Criminal Record Expungement: Saving grace or lapse in judgement?

June 12, 2015

Should Mandla Mandela, Pistorious and other well-known names just be getting away with it all?

The news that Oscar Pistorius may serve the rest of his jail term for culpable homicide from the comfort of his home follows hot on the heels of attempts by Mandla Mandela to overturn his assault conviction.

Mandla Mandela who, assaulted a man in 2013 during a road rage incident was fined a mere R10 000 for a crime that sees others serving jail time. To date Mandela has not even paid this minor rap on the knuckles, due to the “sentence” being suspended for a year.

If the law has different rules for different people, then the news that there may be further amendments to the law when it comes to criminal record expungement, should have us all very deeply concerned.

Our justice system seems to hand a heavy blow to some while conveniently overlooking others. Last month, former police spokesperson, Vincent Mdunge was sentenced to five years imprisonment by the Durban Regional Court when he was caught red-handed in 2014 on two counts of fraud and one of forgery for using a fake matric certificate to further his studies at UNISA and gain promotion in the police.

While the Judge acknowledged that he was a first time offender, she still chucked the proverbial book at him during sentencing, simply stating that there was nothing respectable about a high-ranking officer committing white collar crime in an already corruption-rife society.

How then is it possible that the criminal record expungement debate has reared its head again, with the possibility of even further amendments to the law? In 2009, changes to sections 2 and 3 of the Criminal Procedure Amendment Act, allowed for the expungement of criminal records relating to certain criminal convictions. What this basically means is that if a person meets certain criteria, they can apply to have their name cleared. Any background checks performed on that individual in future will not show any trace of prior convictions.

One of the reasons cited for this change in the law at the time, was that it would be “helpful” to people needing a clean record when applying for employment. Indeed, there are thousands of unemployed job applicants citing their criminal records as the reason for them not getting any job offers.

It seems contradictory to allow for more criminal record expungement while we deliver a rightfully heavy blow to those that lie on their CVs to get the jobs that they aren’t qualified for.
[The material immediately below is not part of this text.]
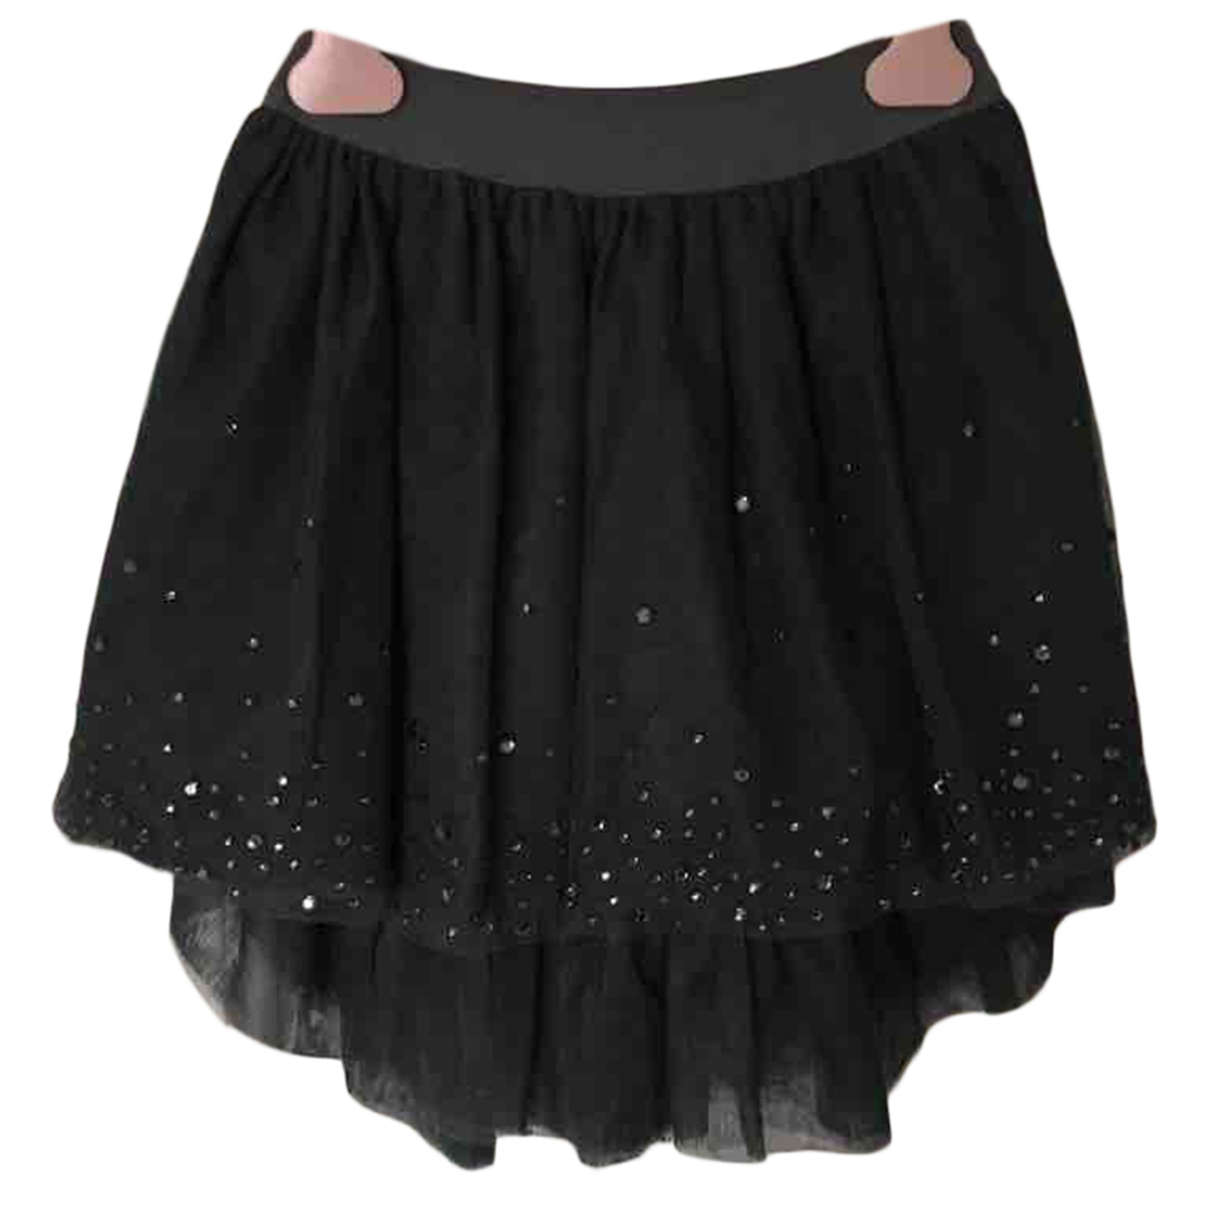 Blumarine \N Grey skirt for Kids 6 years - up to 114cm FR

We live in a country where almost 600 000 learners who entered the schooling system 12 years ago, dropped out, leaving them without a matric certificate. Add to that figure, some research done by the Council of Higher Education (CHE), which shows that well over 40% of students end up dropping out of university.
So there are already hundreds of thousands of individuals who do not meet the criteria for the jobs they want, and you can put money on the fact that many of these individuals, will eventually, in desperation, pretend to hold those qualifications they never received, in an effort to be employed.
If we’re terrified at the thought of an unqualified surgeon operating on our loved ones, we should be equally terrified of a convicted negligent driver behind the wheel of a 10-ton truck, or even a convicted rapist lurking in an office full of female co-workers.

Yes, these are extreme examples. But our question is this: How far will the criminal record expungement process go? How will we distinguish between people who have been rehabilitated by the justice system or not? No company needs the disastrous consequences of hiring a fraudster as a financial director, or the unimaginable, a sexual offender at an educational institution.

We are not saying that every single person with a criminal record is unemployable – not at all. There are thousands of excellent candidates around, who may have practiced poor judgement at some point in their lives, which lead to a criminal conviction. There are also thousands of people who have paid for their crimes, served their time, and have been successfully rehabilitated.

The point is this – an employer still has every right to be presented with all the facts before deciding if the candidate is the right choice for their organisation or not. A poorly thought out criminal record expungement process could have disastrous consequences. Let’s hope that this one gets handled carefully.